• **Your objective**: The listing below has to be output exactly as given, less its pictures.

• **Material provided**:
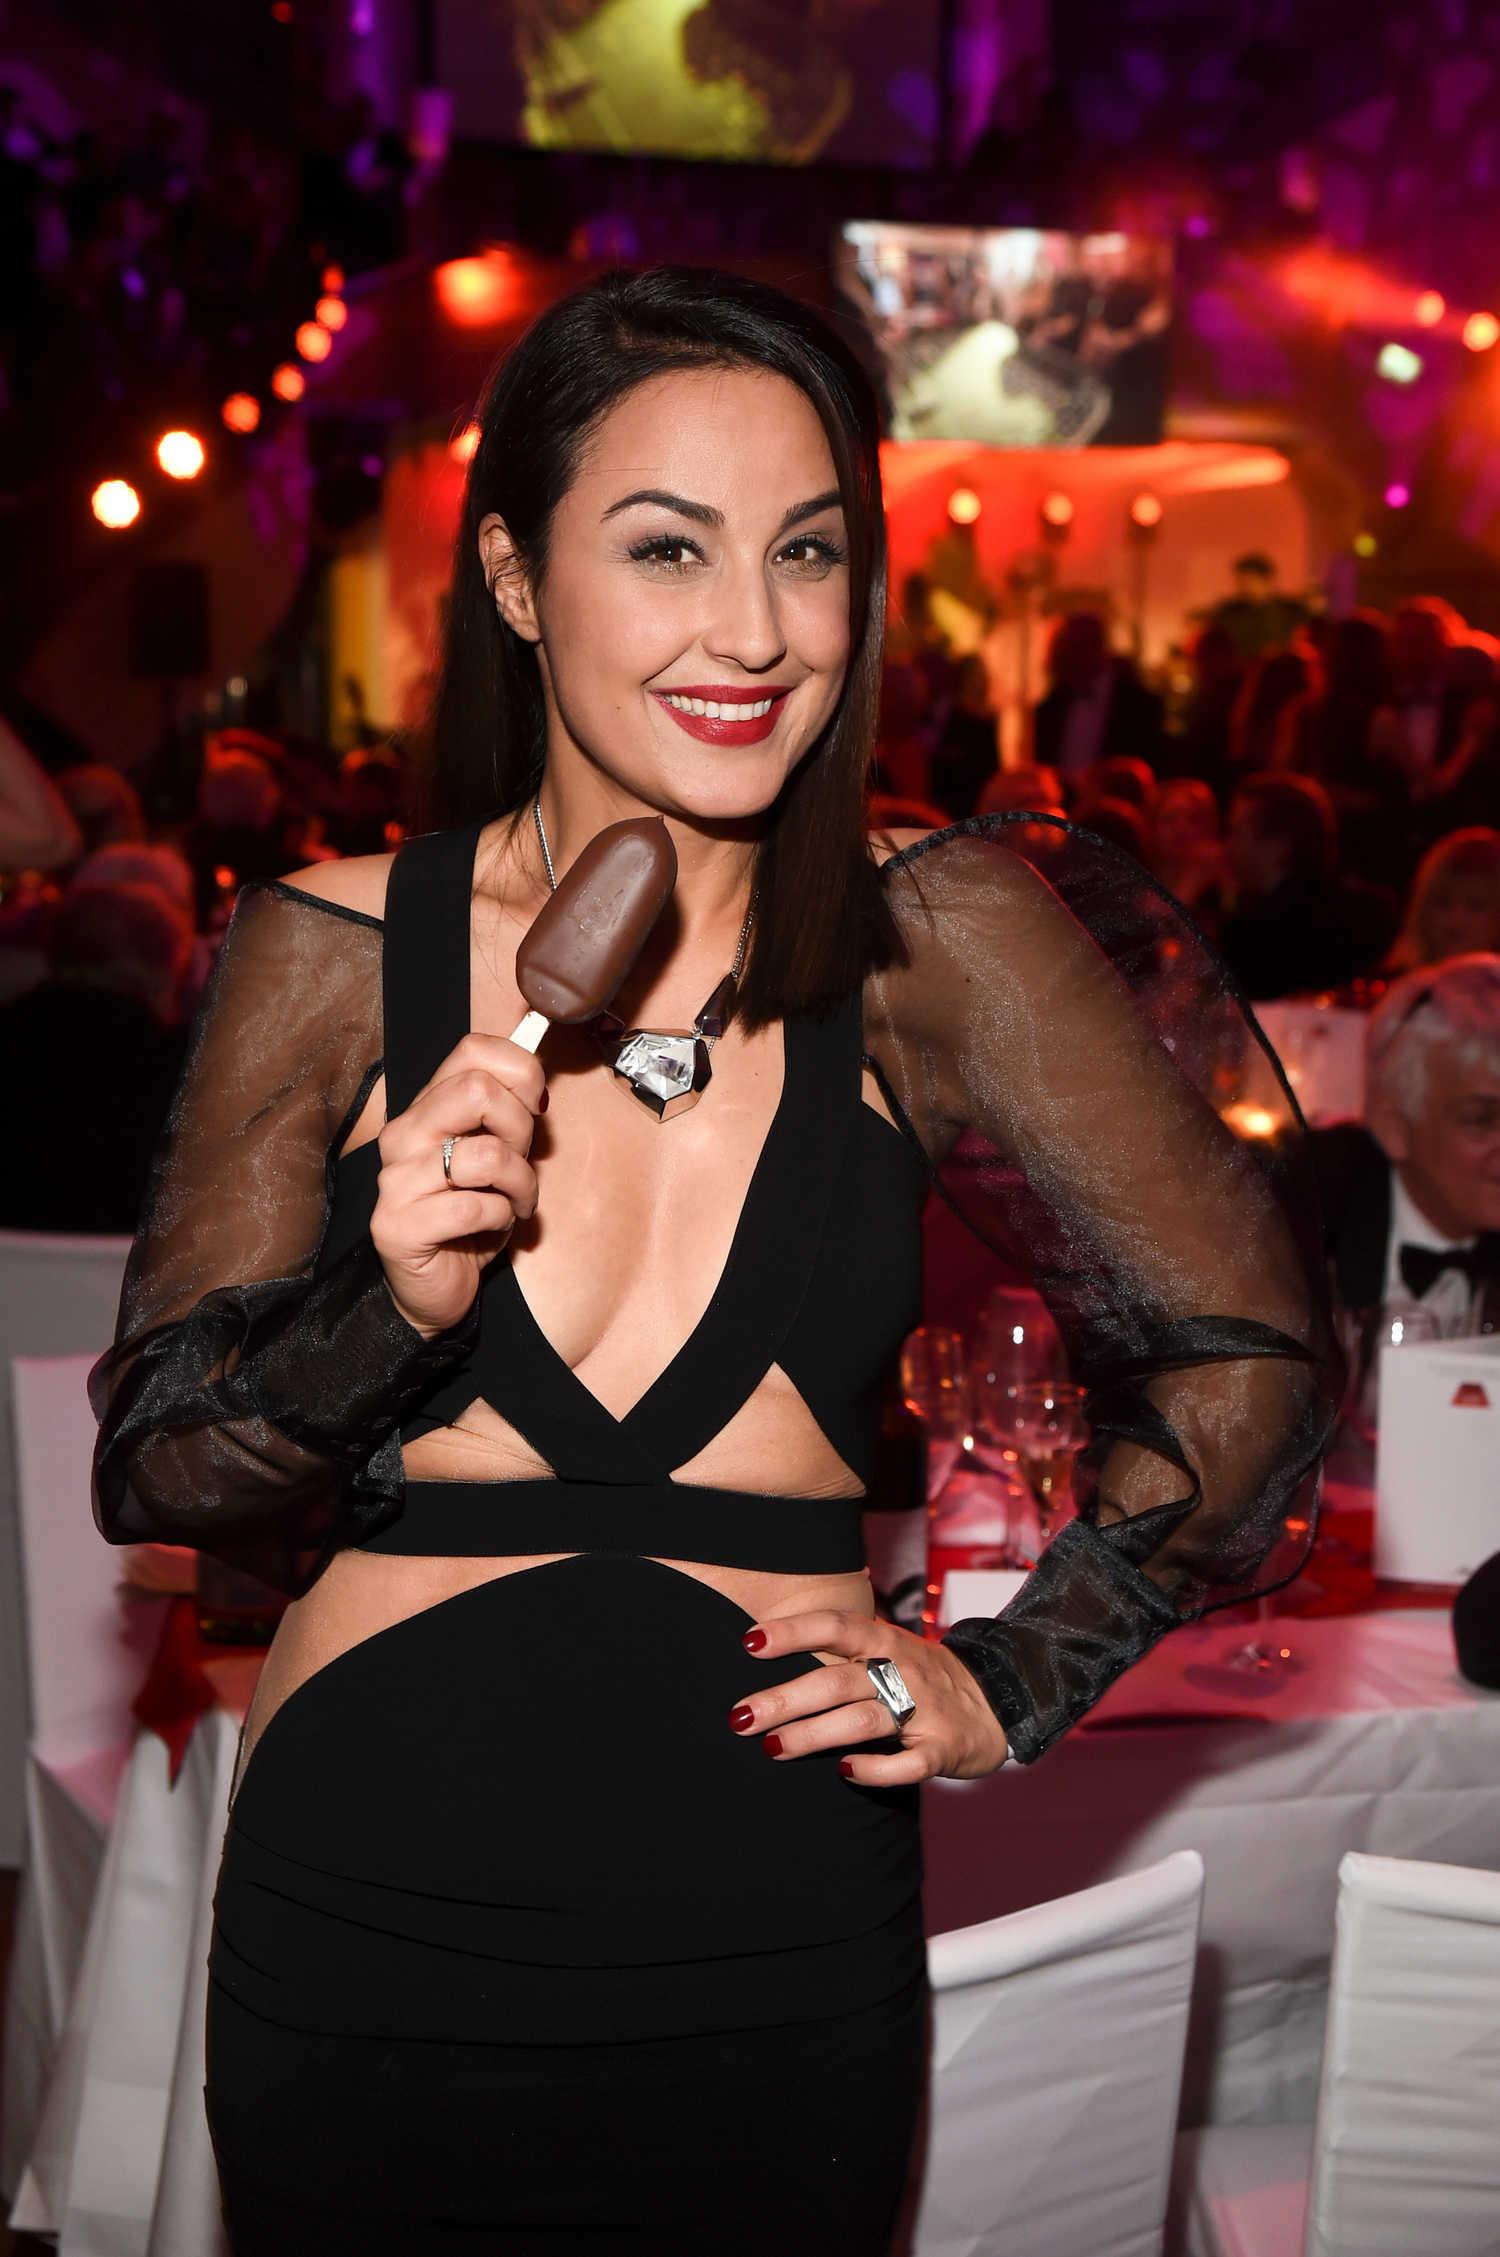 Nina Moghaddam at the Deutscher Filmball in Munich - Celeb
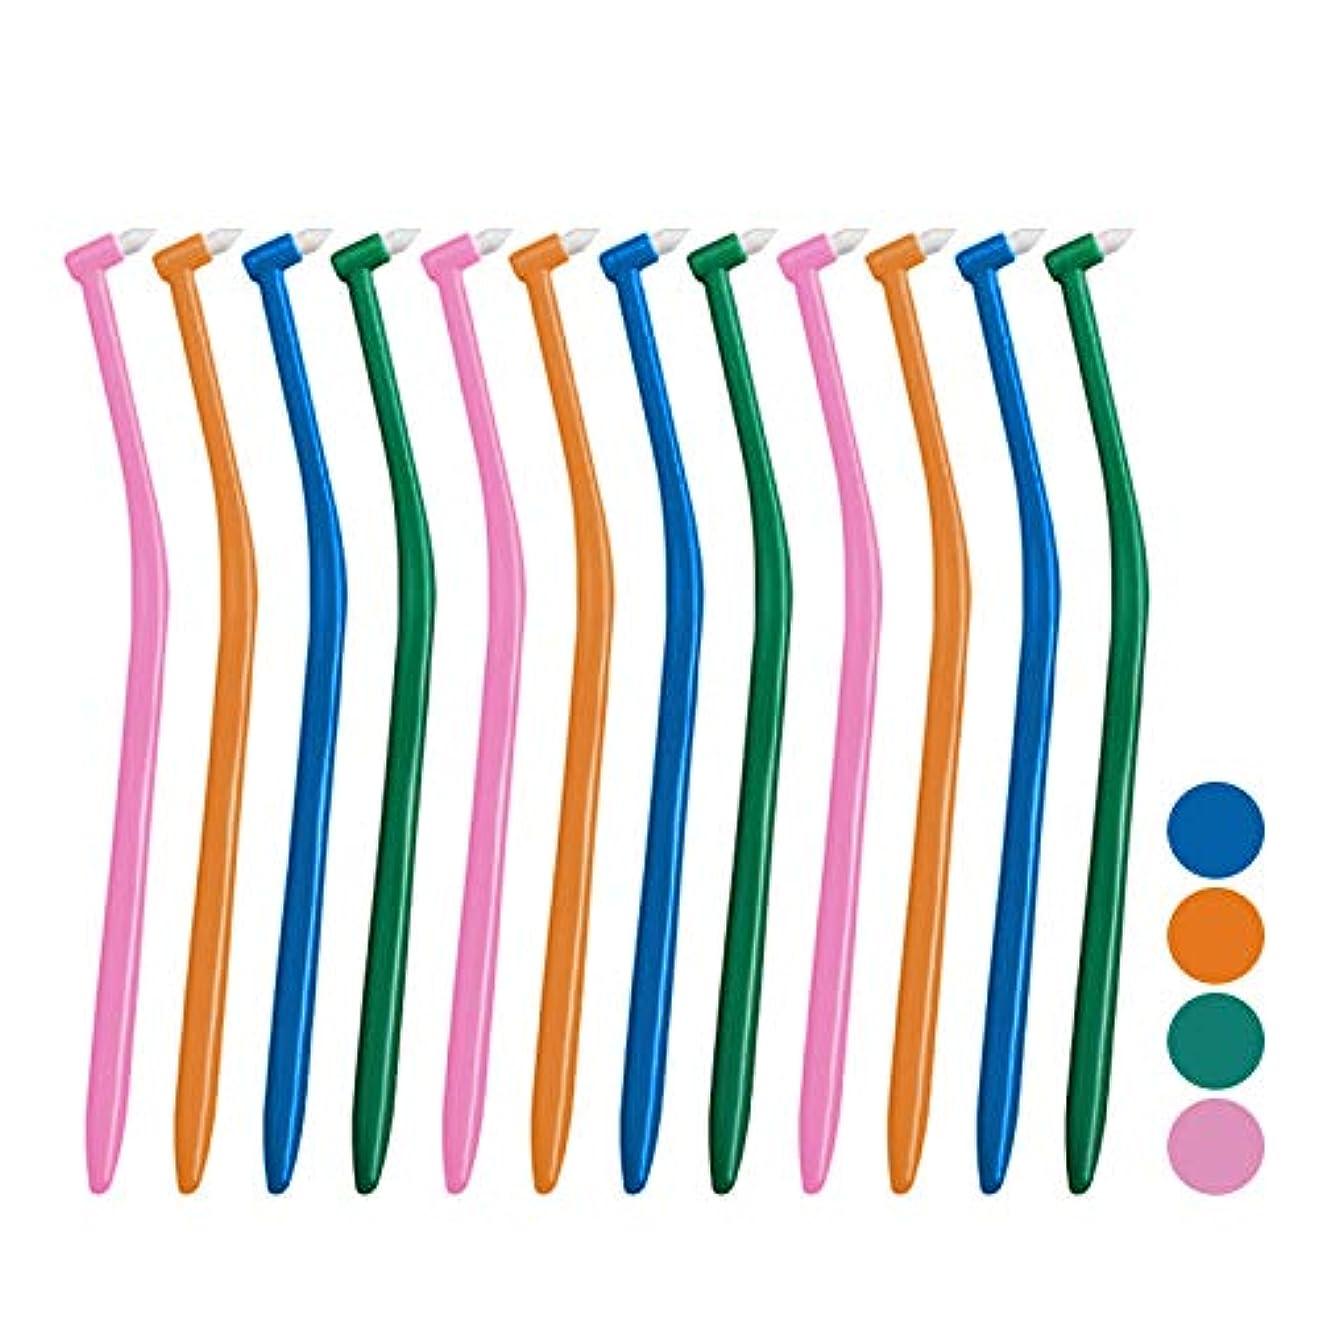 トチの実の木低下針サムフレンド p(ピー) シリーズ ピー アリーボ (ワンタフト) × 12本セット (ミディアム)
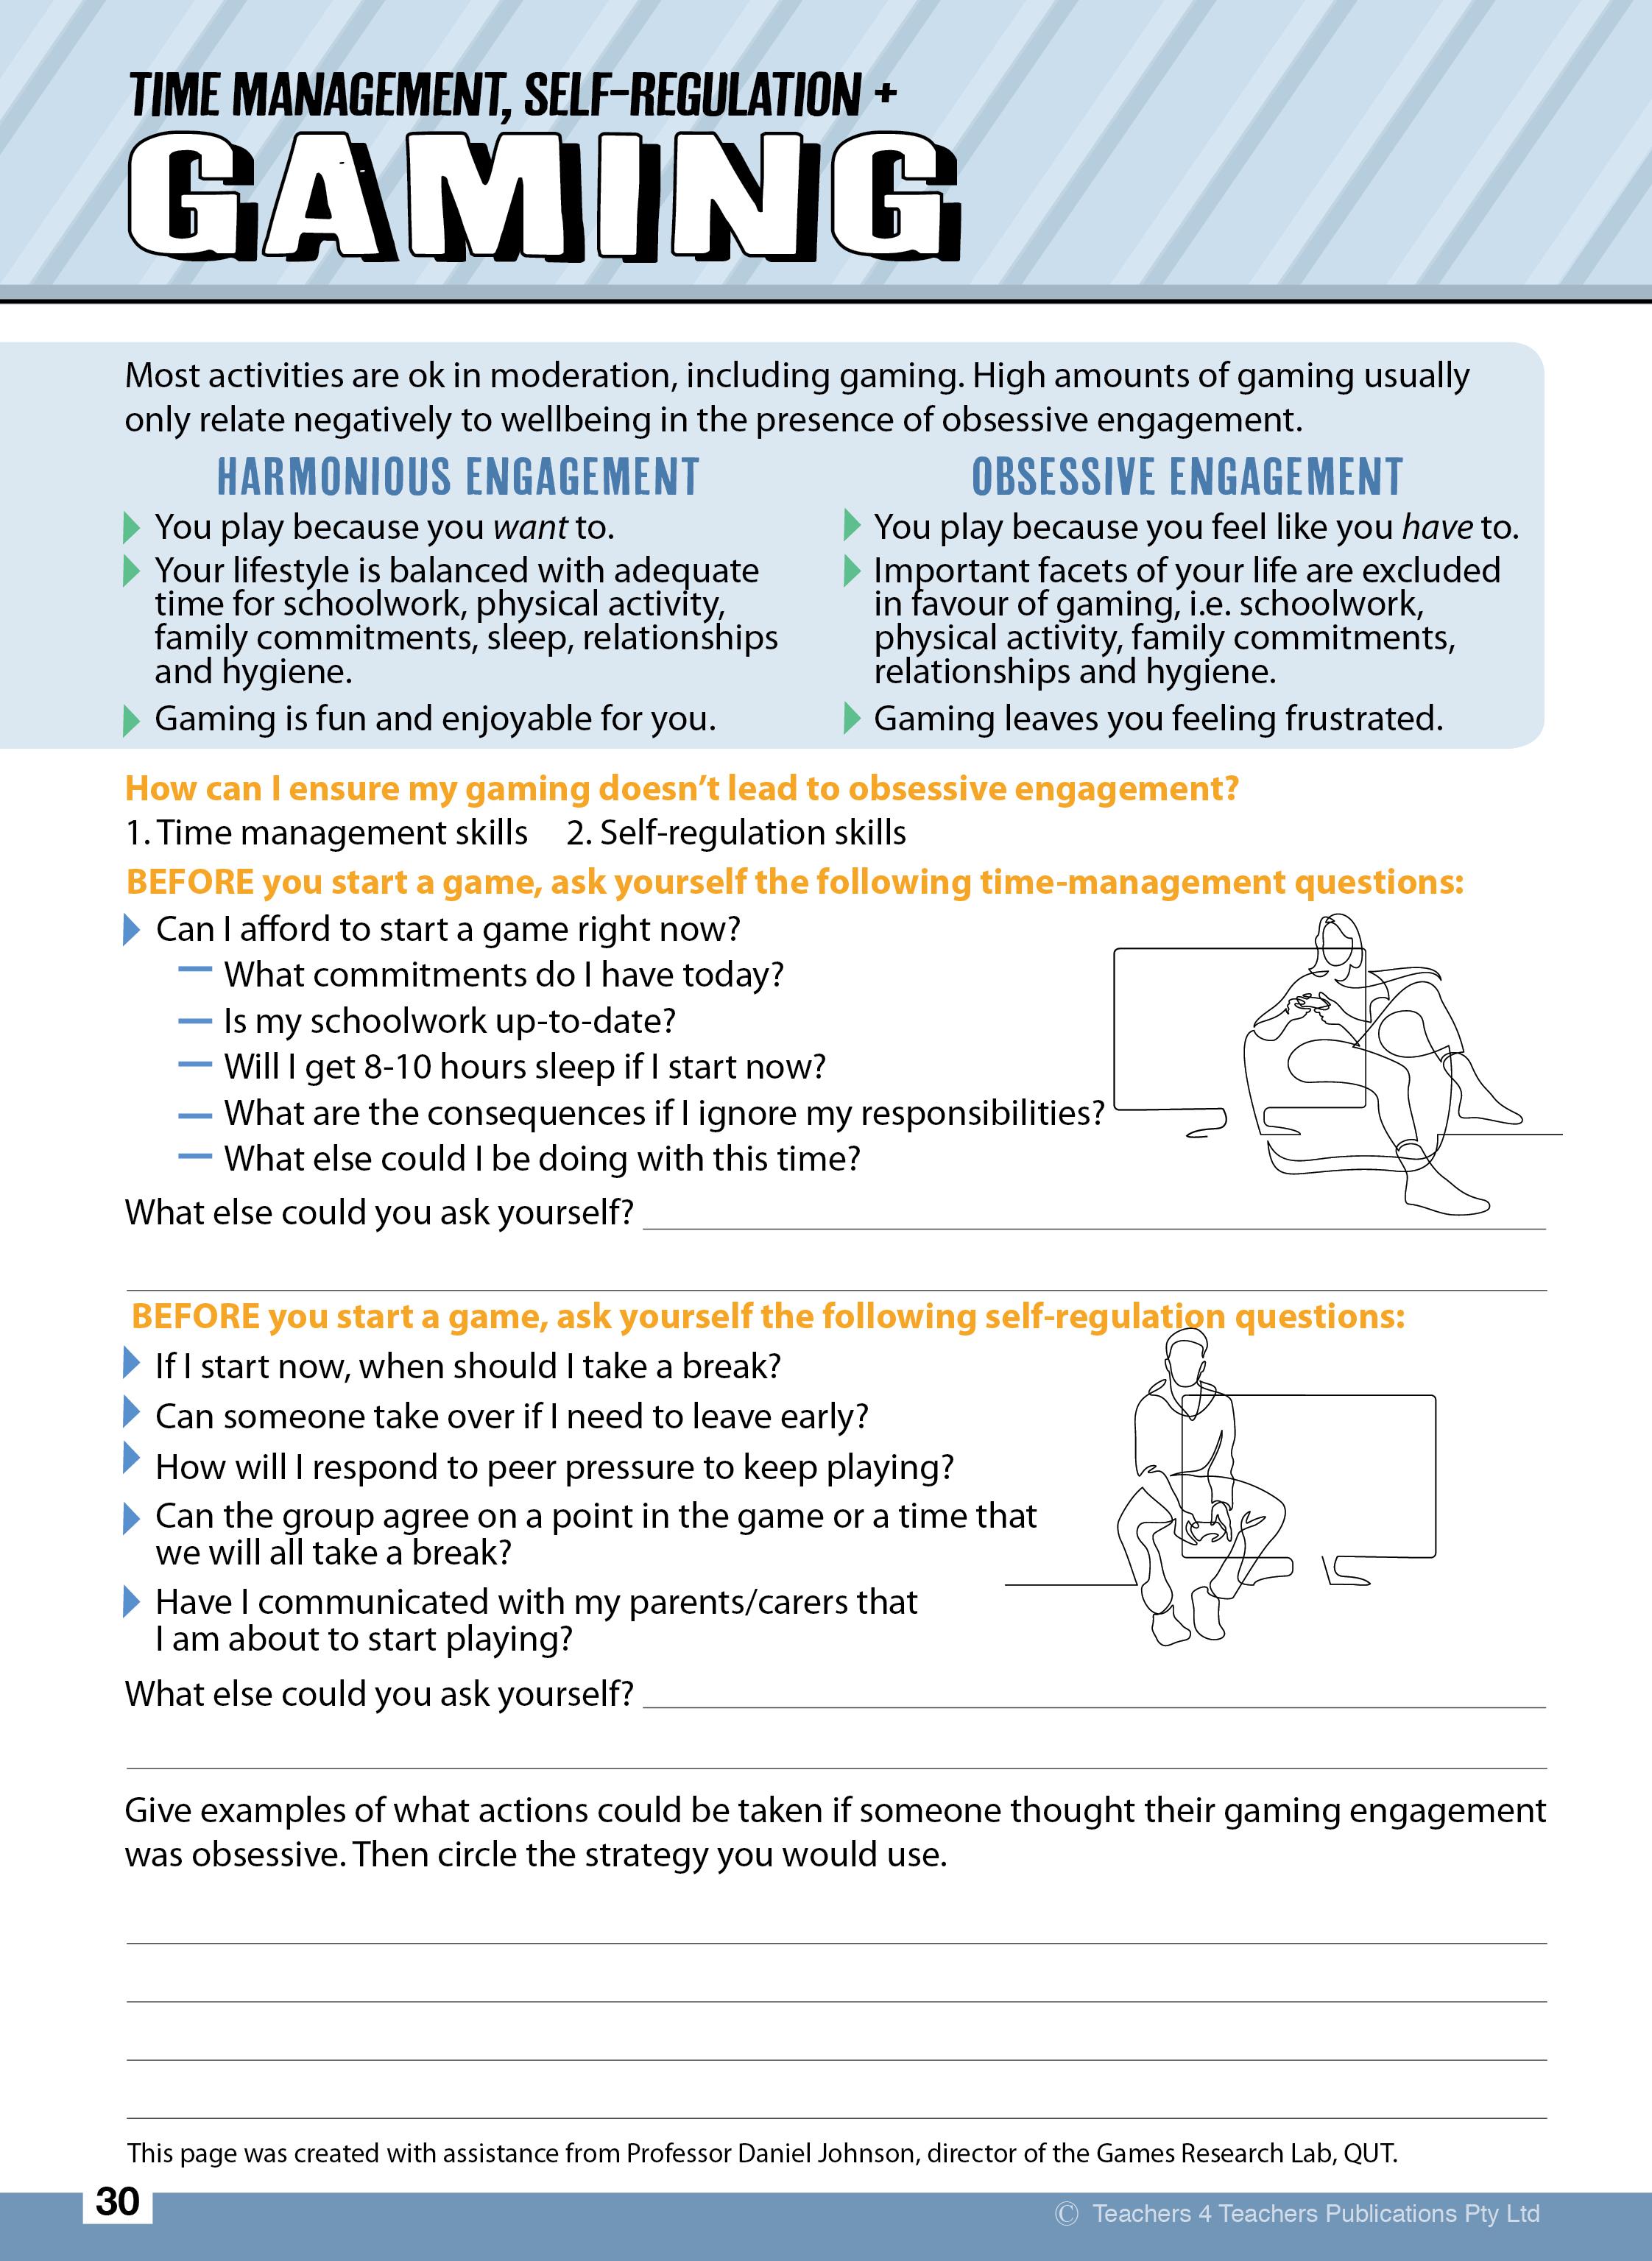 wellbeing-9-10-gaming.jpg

• **Solution to this task**:
 Nina Moghaddam at the Deutscher Filmball in Munich - Celeb
 トチの実の木低下針サムフレンド p(ピー) シリーズ ピー アリーボ (ワンタフト) × 12本セット (ミディアム)
 wellbeing-9-10-gaming.jpg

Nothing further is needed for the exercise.